Micro-op Fusion: An Additional Energy-saving Technique
Typical mainstream processors break down x86 program instructions (macro-ops) into small pieces--the internal instructions called "micro-ops"--before sending the instructions down the processor pipeline to be processed.
Micro-op fusion takes macrofusion down another level. In advanced micro-op fusion, the execution core "fuses" common micro-ops derived from the same macro-op. This reduces the number of micro-ops that need to be executed. The result is more efficient scheduling and better performance at lower power. In fact, studies have shown that micro-op fusion can reduce the number of micro-ops handled by the out-of-order logic by more than 10 percent.

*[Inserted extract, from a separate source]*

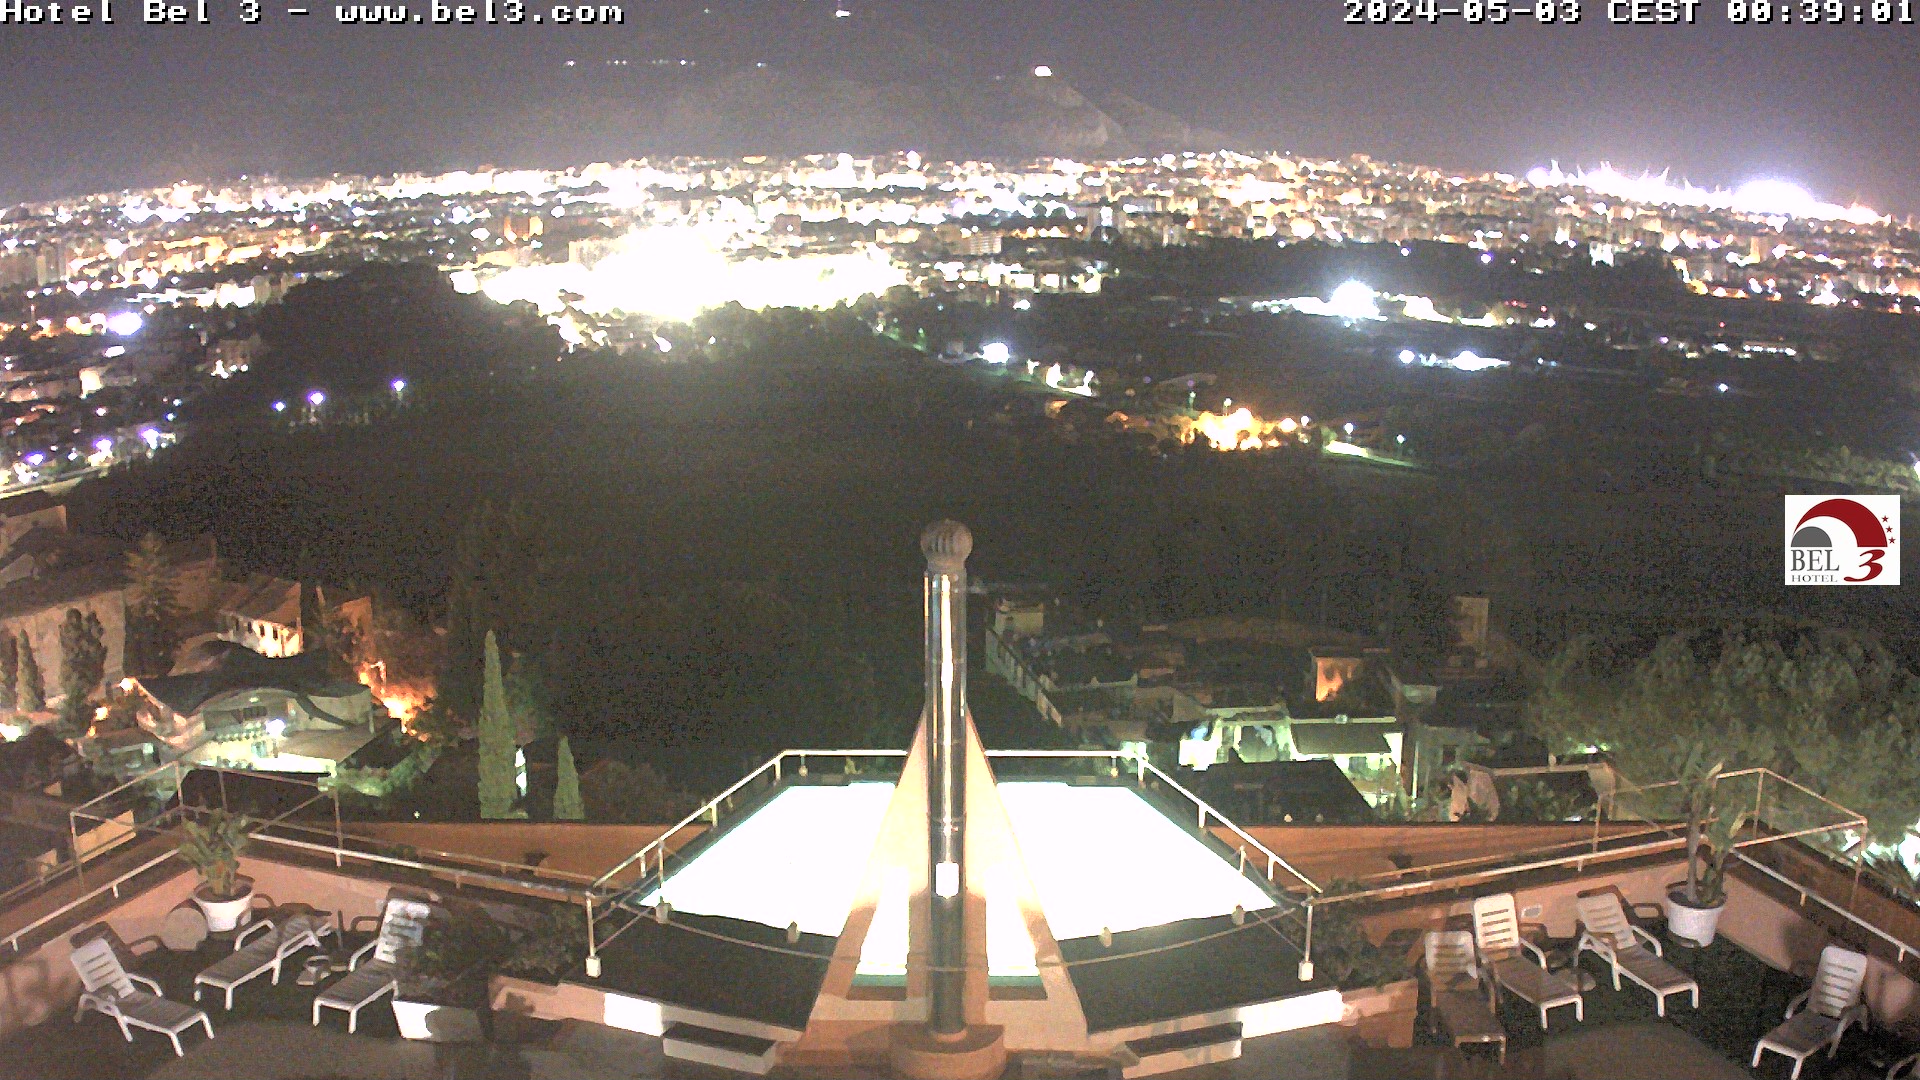 Webcam Palermo - Hotel Bel 3

Manage Power Intelligently
Power gating is a technique that reduces power consumption, including the runtime power consumption of a processor's execution cores. The technique is used to power up logic subsystems only if and when they are needed.

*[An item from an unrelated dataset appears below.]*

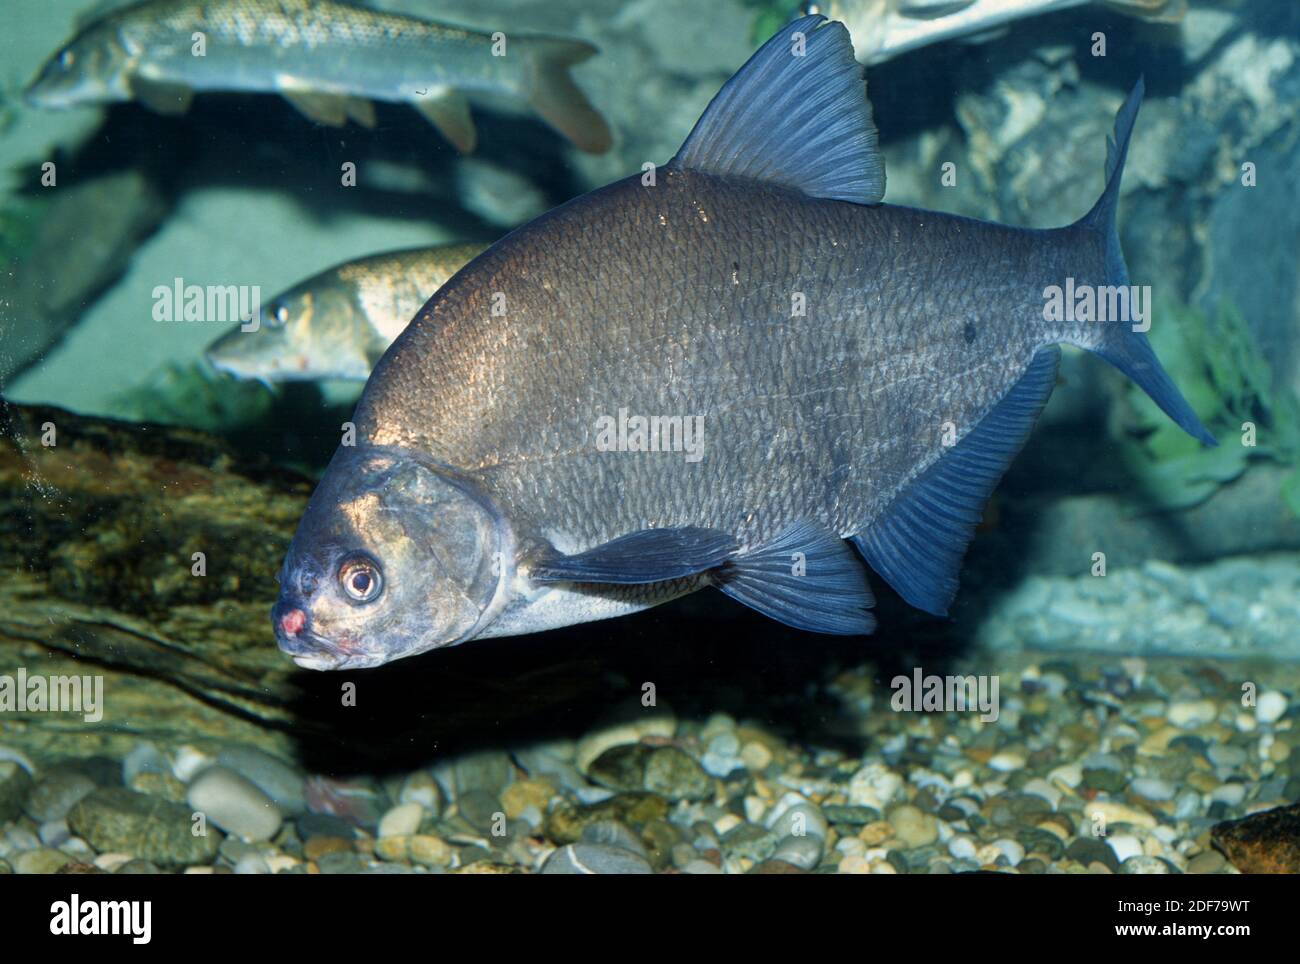 White-eye bream (Abramis sapa or Ballerus sapa) is a freshwater fish native to eastern Europe and central Asia rivers. Stock Photo

Power gating has traditionally been challenging for industry because of the energy consumed in powering the subsystem down and ramping it back up for use. Gating has also been challenging because of the need to maintain overall system responsiveness when returning the subsystem to full power.
Advanced power gating in 65-nm CMOS now allows for intelligent, ultra fine-grained logic control of the individual processor logic subsystems. Only those individual subsystems that are currently required are powered on. With a finer granularity of subsystems, power gating also minimizes the number of subsystems that require power.
In addition, some manufacturers, such as Intel, split many buses and arrays, so that the data required in some modes of operation can be put into a low power state when not needed. The result is optimized energy use in a design that delivers more performance per watt without sacrificing responsiveness.
Challenges In Optimizing Cache
One of the major advantages of moving to a 65-nm process is having enough additional transistors to increase resources and/or improve performance in many critical areas. One such area is cache.
When processors have multiple cores, parallelism must be applied at the core level, not just the processor level. This means optimizing the way the execution cores exchange and share data. Without that optimization, multiple cores will introduce data and memory contention--a traditional issue in microarchitecture design.
Industry addresses this challenge by using one L2 cache for each core. It's simple. No core has to fight with other cores for access to its own cache. The problem in this approach is twofold: When two execution cores need the same data, each core must store that data in its own L2 cache, duplicating the work. Also, when one core isn't fully using its cache, other cores cannot access that underutilized cache for other tasks.